计算机入门作业笔记（1）

miaom
2019年9月25日

Contents

Bonus Problem

resource: Glenn Brookshear_ Dennis Brylow-Computer Science – An Overview-Pearson Education Limited (2015) P134 T24

24. A game that used to be popular among computer hobbyists is core wars—a variation of battleship. (The term core originates from an early memory technology in which 0s and 1s were represented as magnetic fields in little rings of magnetic material. The rings were called cores.) The game is played between two opposing programs, each stored in different locations of the same computer’s memory. The computer is assumed to alternate between the two programs, executing an instruction from one followed by an instruction from the other. The goal of each program is to cause the other to malfunction by writing extraneous data on top of it; however, neither program knows the location of the other.

a. Write a program in the machine language of Appendix C that approaches the game in a defensive manner by being as small as possible.

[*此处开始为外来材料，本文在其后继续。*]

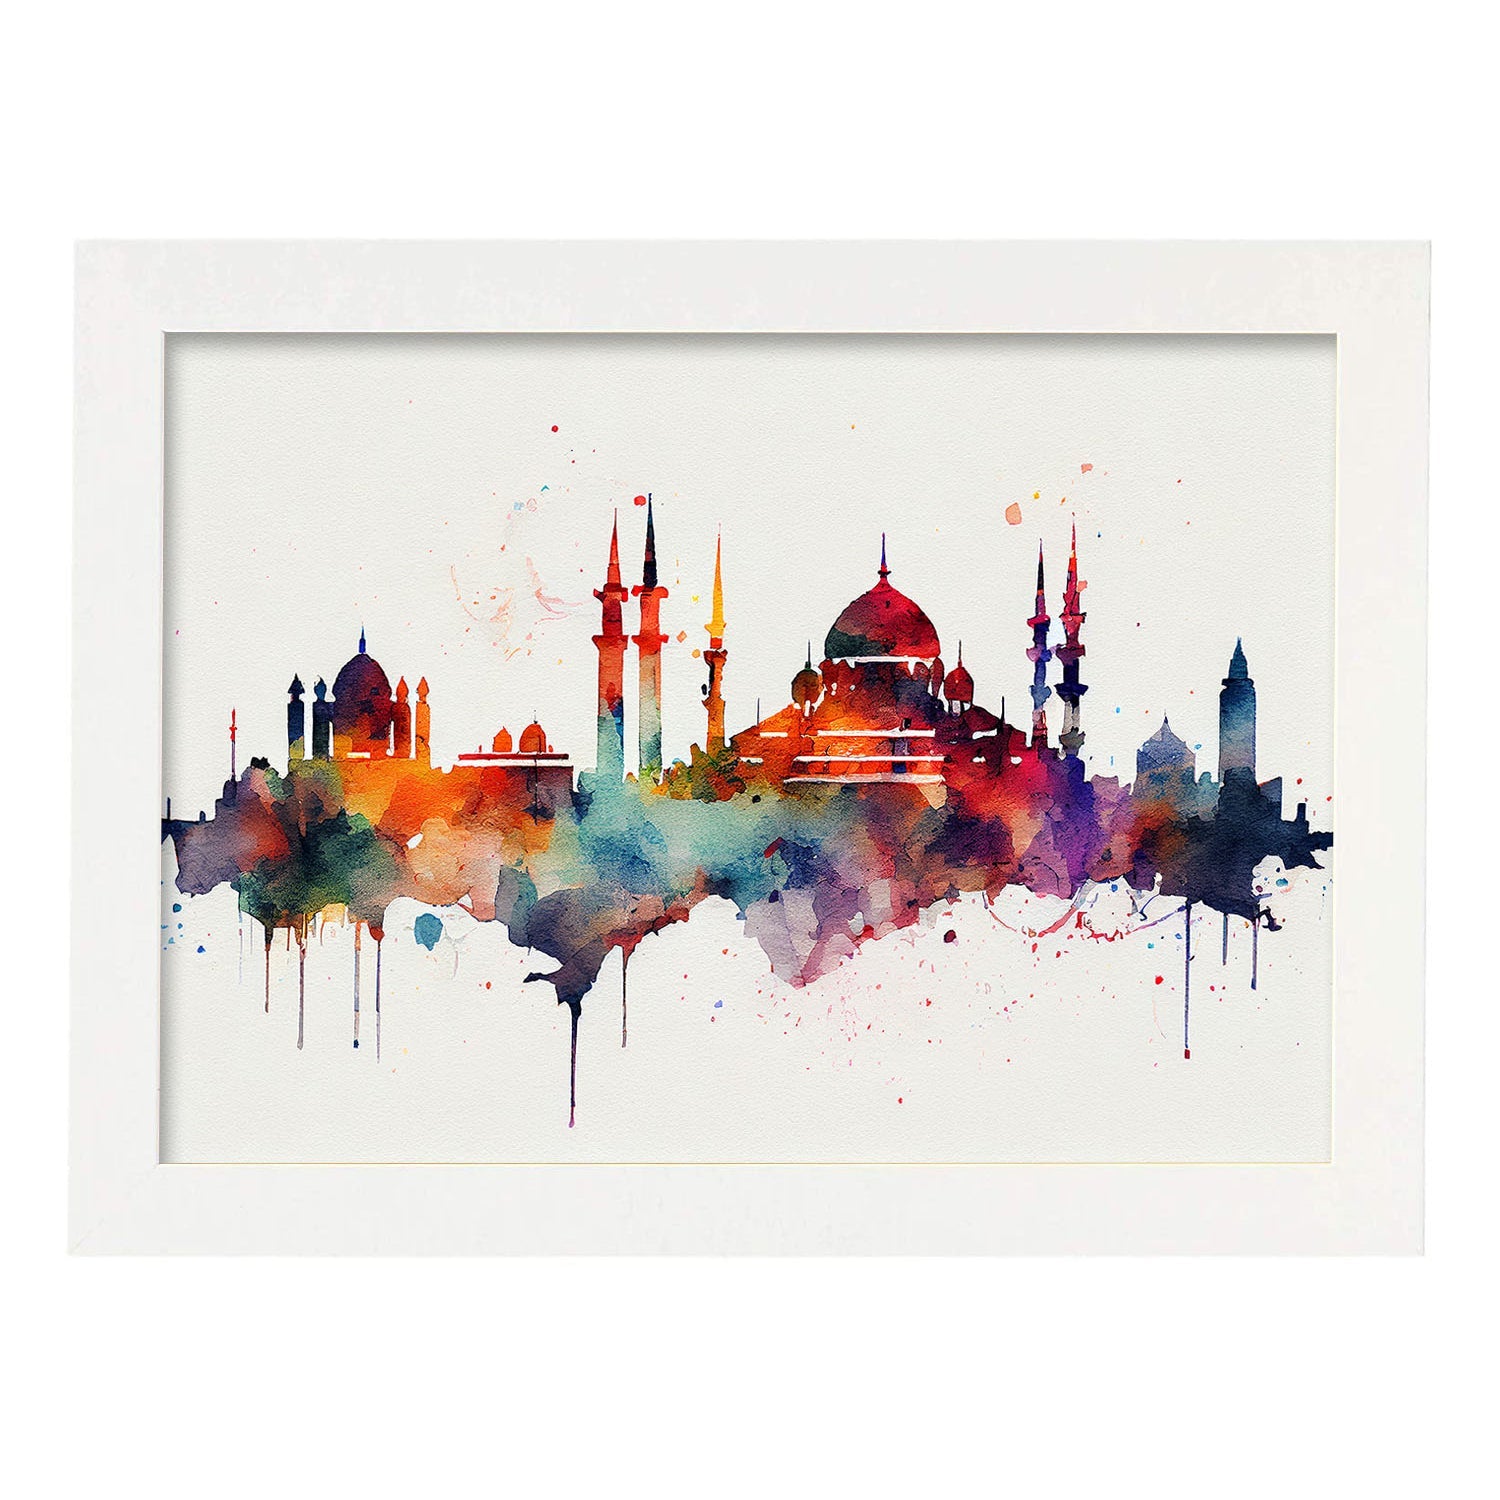 Nacnic watercolor of a skyline of the city of Istanbul_4. Aesthetic Wall Art Prints for Bedroom or Living Room Design.-Artwork-Nacnic-A4-Marco Blanco-Nacnic Estudio SL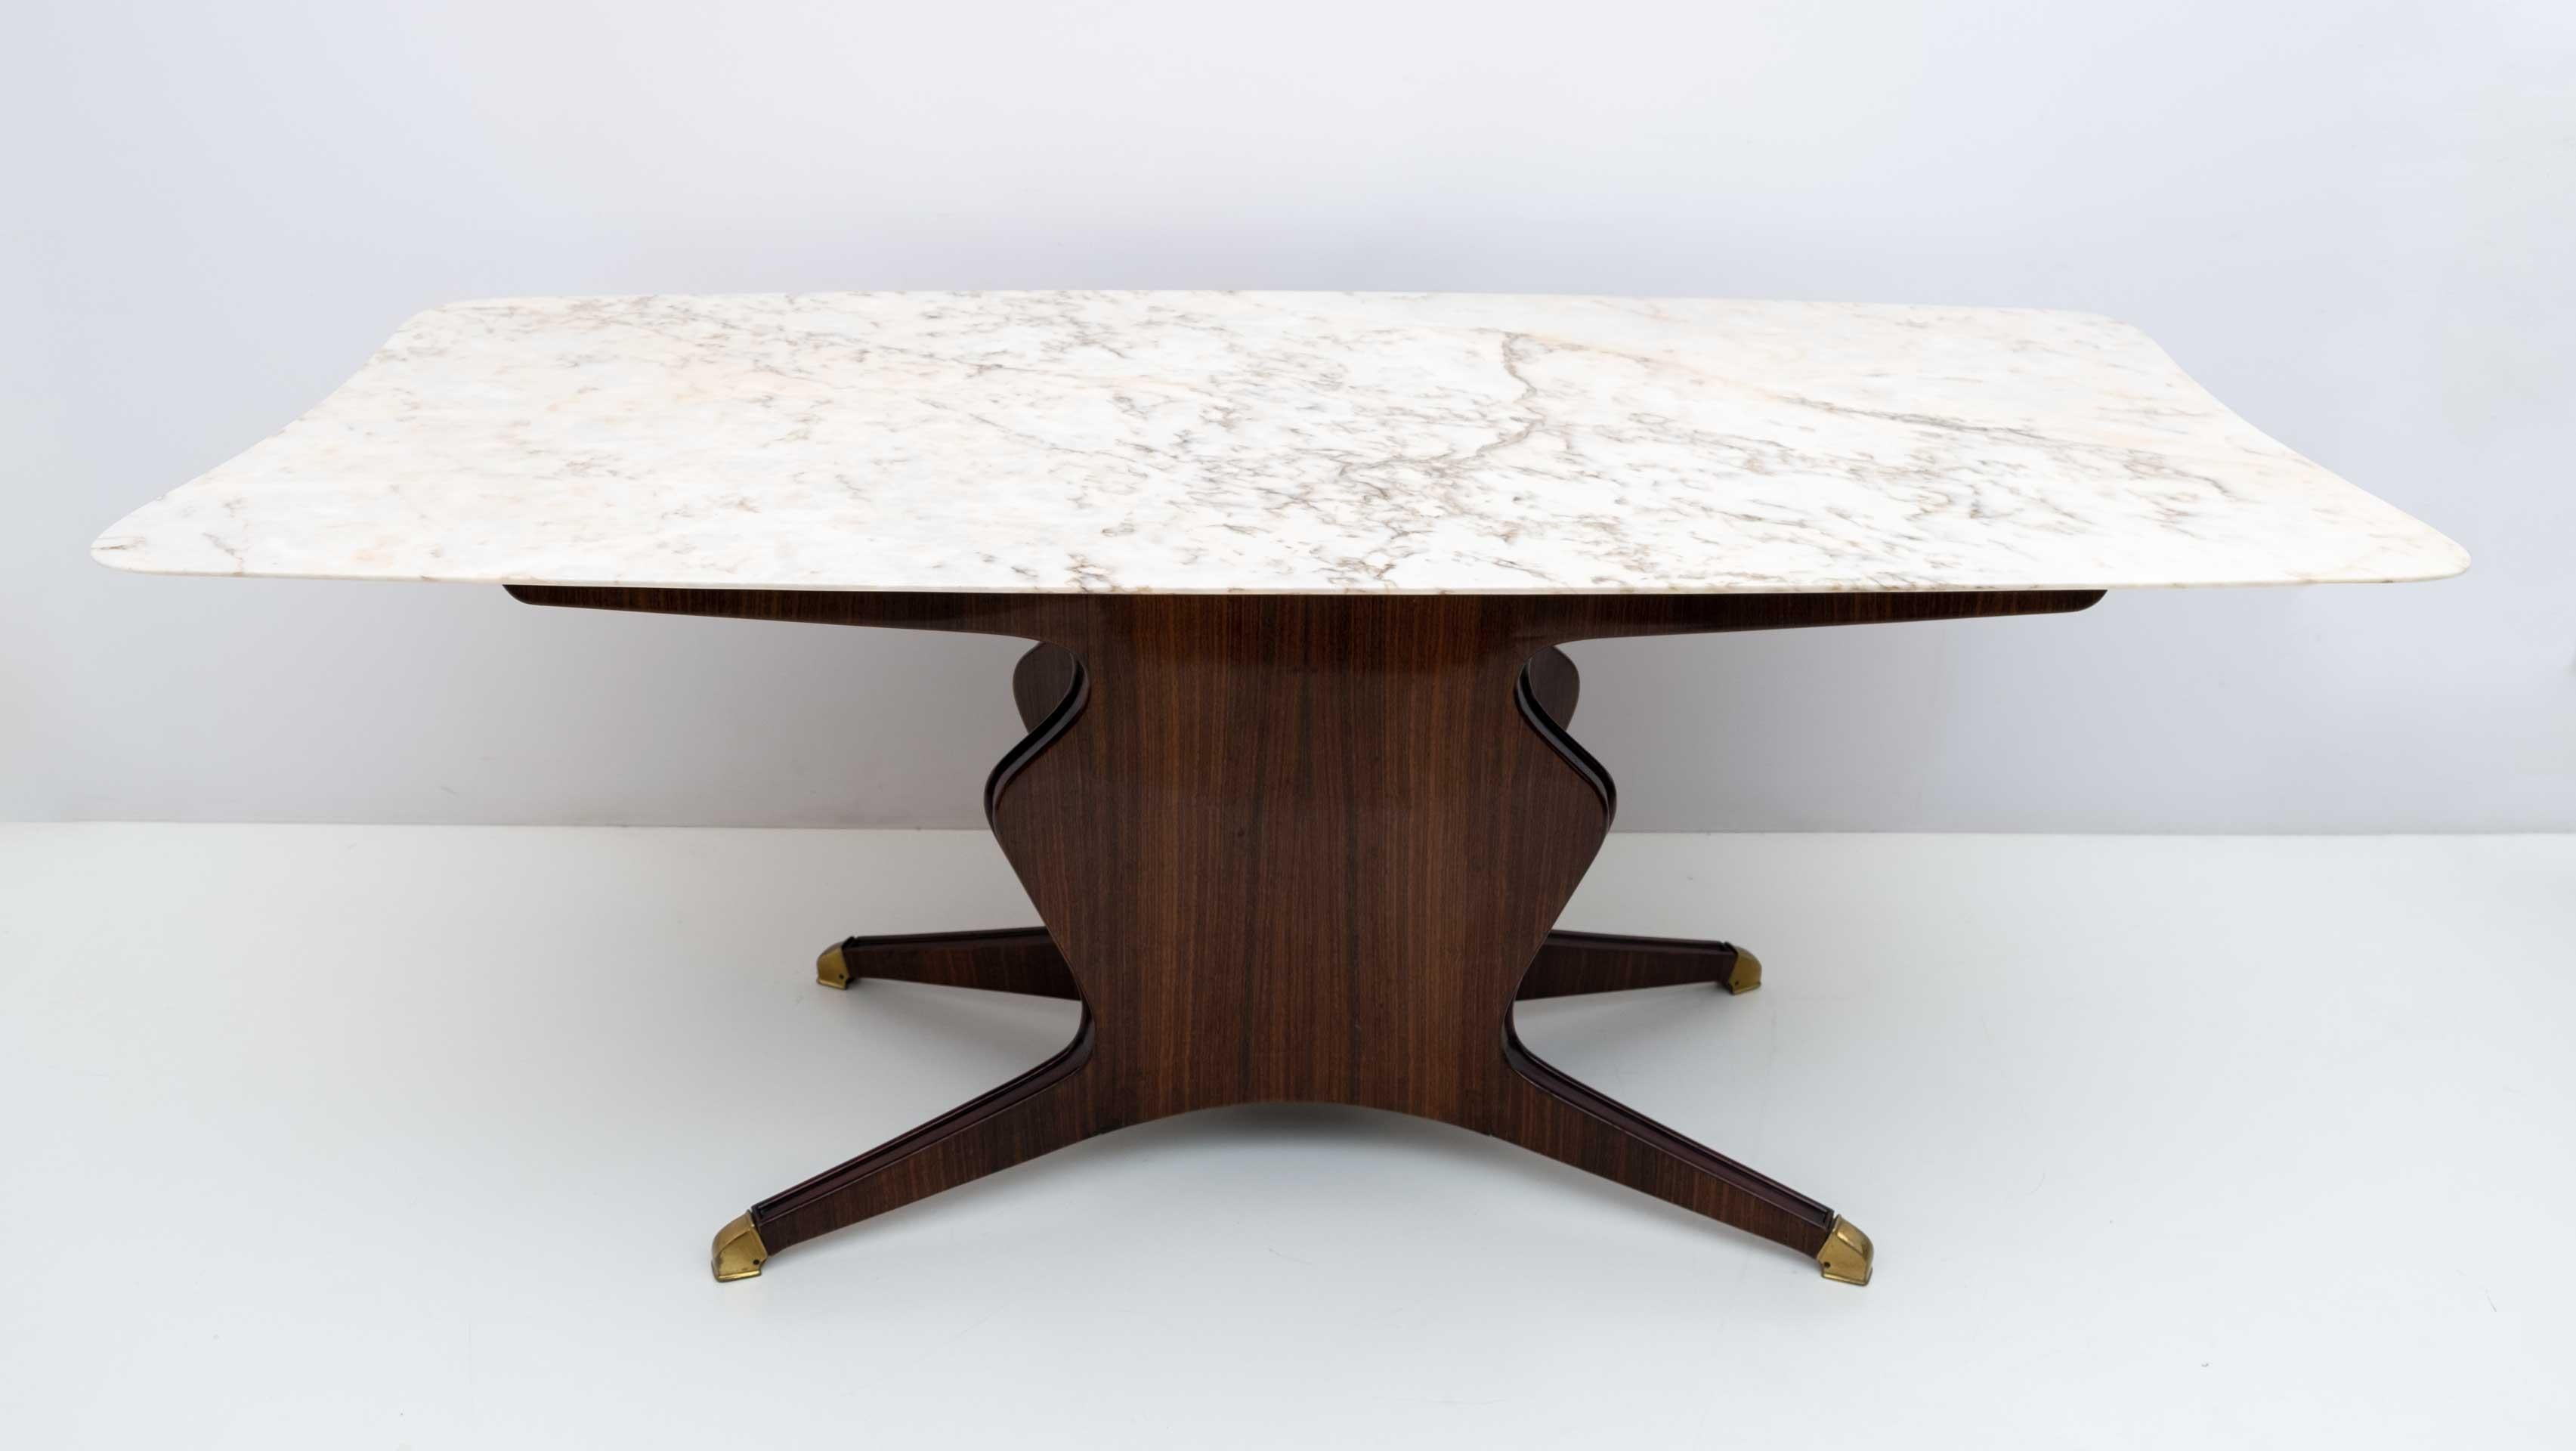 Elegant dining table designed by Osvaldo Borsani, a truly important piece and a great example of 1950s Italian design. Its structure is characterized by a uniquely shaped design, finished with brass feet and equipped with a calacatta marble top with

b. Write a program in the language of Appendix C that tries to avoid any attacks from the
opposing program by moving to different locations. More precisely, beginning at location 00, write a program that will copy itself to location 70 and then jump to location 70.

c. Extend the program in (b) to continue relocating to new memory locations. In particular, make your program move to location 70, then to E0 (= 70 + 70) then to 60 (= 70 + 70 + 70) etc.

Appendix C

A Simple Machine Language

In this appendix we present a simple but representative machine language. We begin by explaining the architecture of the machine itself.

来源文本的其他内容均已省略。